Зато старик заговорил, как будто прорвалась сдерживавшая его плотина:
– Ты говоришь, я – живое доказательство? Да, это так… только доказательство чего? Помню этот день, как будто это было вчера… я был совсем мал, мне было пять или шесть лет… я играл у себя в комнате, и сломался волчок. Тогда я отправился к дедушке, к господину Вильгельму, чтобы он починил мою игрушку. Дед любил меня, я часто приходил к нему в кабинет, он сажал меня на колени и показывал мне красивые книжки, рассказывал старинные сказки и истории. Вот и в тот раз я вошел в кабинет, но деда там не было. Зато возле камина я увидел открытую дверь. Дверь, которой я никогда прежде не видел.
Какой ребенок устоял бы на моем месте?
Я проскользнул в эту дверь. За ней была лестница. Я спустился по ней, прошел по темному коридору и оказался в небольшом круглом помещении перед следующей дверью.
Эта дверь была заперта, но в ней было маленькое окошко, скорее форточка.
Мне стало страшно, я хотел уже вернуться, но тут окошко в двери открылось, из него донесся едва слышный голос, сухой, шелестящий, как страницы старой книги.
– Постой, малыш! – проговорил этот голос. – Поговори со мной!
Я заметался: мне хотелось уйти, вернуться в свою комнату – и в то же время странная сила влекла меня к окошку. Как будто тот шелестящий голос имел надо мной великую власть.
В конце концов эта сила победила: я подошел к окошку и увидел за ним лицо… не знаю, был ли это живой человек или призрак. Во всяком случае, никогда прежде мне не приходилось видеть человека настолько дряхлого. Казалось, что он давно уже умер, похоронен и пролежал в земле не один десяток лет.
– Поговори со мной, малыш! – повторил этот живой мертвец. – Я уже так давно не видел детей!
– Кто вы? – спросил я испуганно. – Почему вы здесь, за этой дверью? Кто вас запер?
– Меня заточил здесь твой дедушка, герр Вильгельм!
– Мой дедушка хороший, добрый! – возразил я. – Он не запер бы вас без всякой причины. Должно быть, вы сделали что-то плохое, и он вас наказал. Так он однажды наказал Петера. Тот украл у кухарки цукаты, и дедушка запер его в чулане на три часа. Наверное, вы тоже что-то украли у кухарки?

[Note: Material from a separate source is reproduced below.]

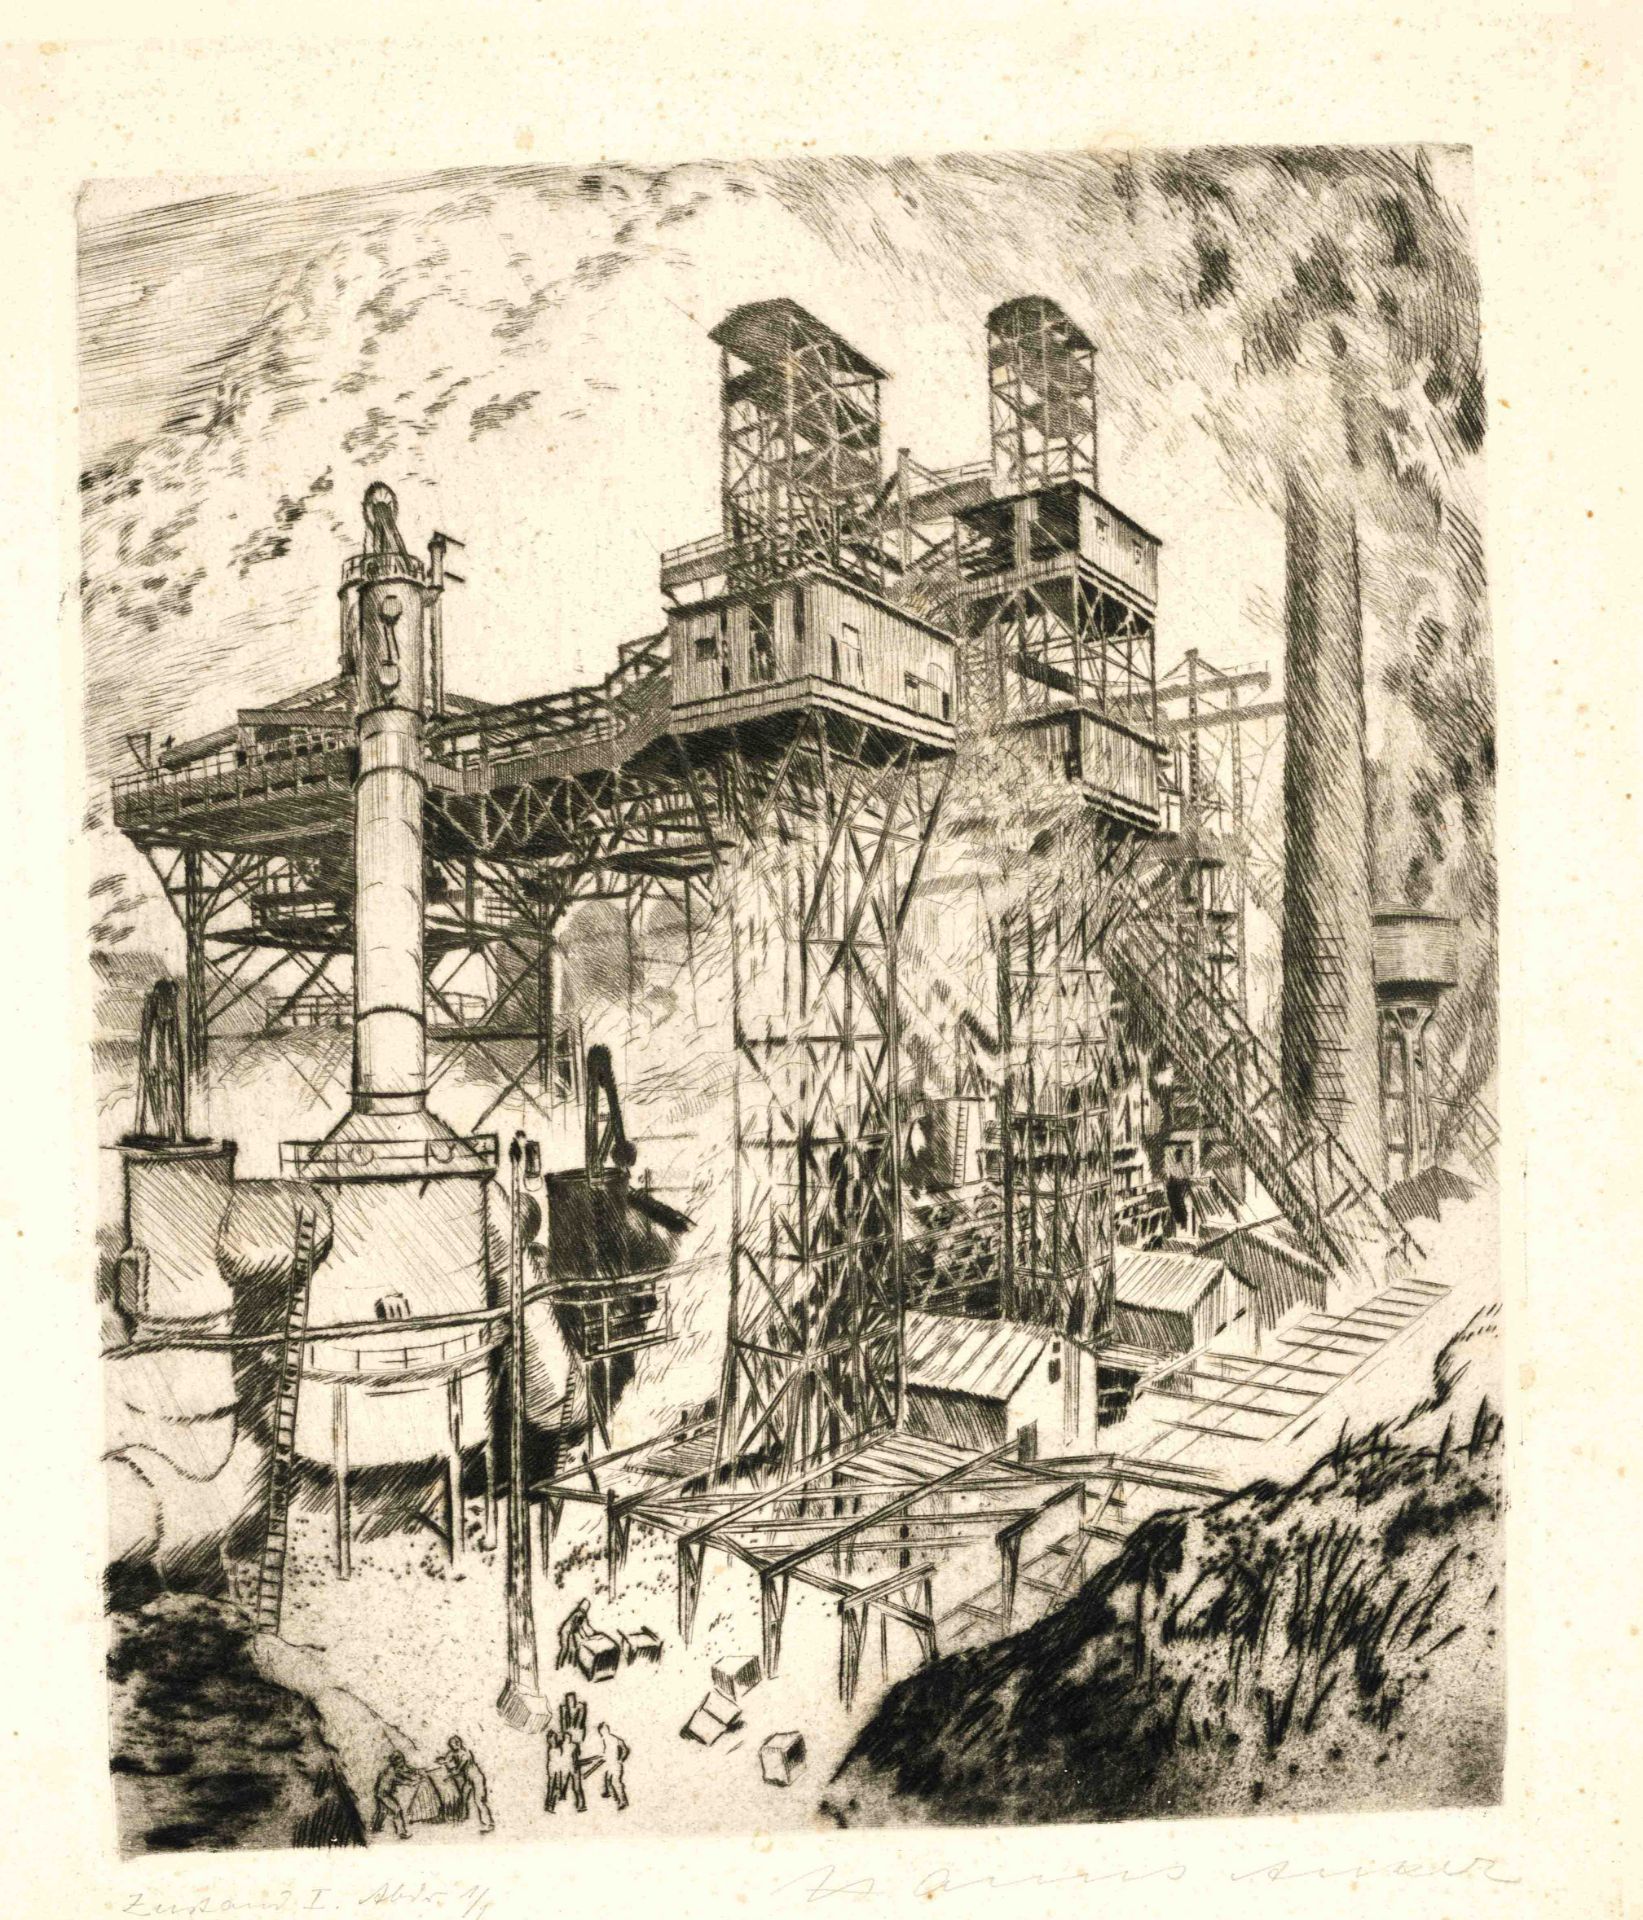 Hanns Anker (1873-1950), bundle of 11 etchings on industry and mining, each signed by hand, some - Image 4 of 4

– Нет, я ничего не крал… – человек за дверью засмеялся, это было похоже на хриплое воронье карканье. Затем он продолжил: – Да, твой дедушка наказал меня, но наказание получилось слишком суровым. Я нахожусь здесь уже много лет, много лет я не видел дневного света. Если ты хороший мальчик – ты пожалеешь меня, ты достанешь у своего дедушки большой медный ключ, откроешь эту дверь и выпустишь меня! Только ничего не говори дедушке!

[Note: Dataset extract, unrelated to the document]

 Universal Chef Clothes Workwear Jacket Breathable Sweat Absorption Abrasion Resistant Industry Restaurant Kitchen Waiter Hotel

– Так нельзя поступать. Мой дедушка говорит, что ничего нельзя делать тайком, тайное всегда становится явным. Если хочешь, я попрошу дедушку, чтобы он сам выпустил тебя!
– Вряд ли это поможет… – вздохнул тот человек. – Что ж, если ты не сможешь достать ключ, тогда позволь хотя бы угостить тебя конфетой. Это очень вкусная конфета, ты такой никогда не пробовал.
И он показал мне большую конфету – позолоченную бомбошку величиной с лесной орех.
– Благодарю вас, добрый господин! – проговорил я, как положено воспитанному немецкому мальчику, и положил конфету в рот.
Она показалась мне невкусной – в ней не было ни терпкого орехового вкуса, ни чудной шоколадной горечи, ни цукатного аромата. Только ментоловый холод и еще какой-то странный металлический привкус, как будто я лизнул лезвие ножа. Но я даже не успел как следует распробовать эту конфету – едва я положил ее в рот, она скользнула в мой пищевод, как живая.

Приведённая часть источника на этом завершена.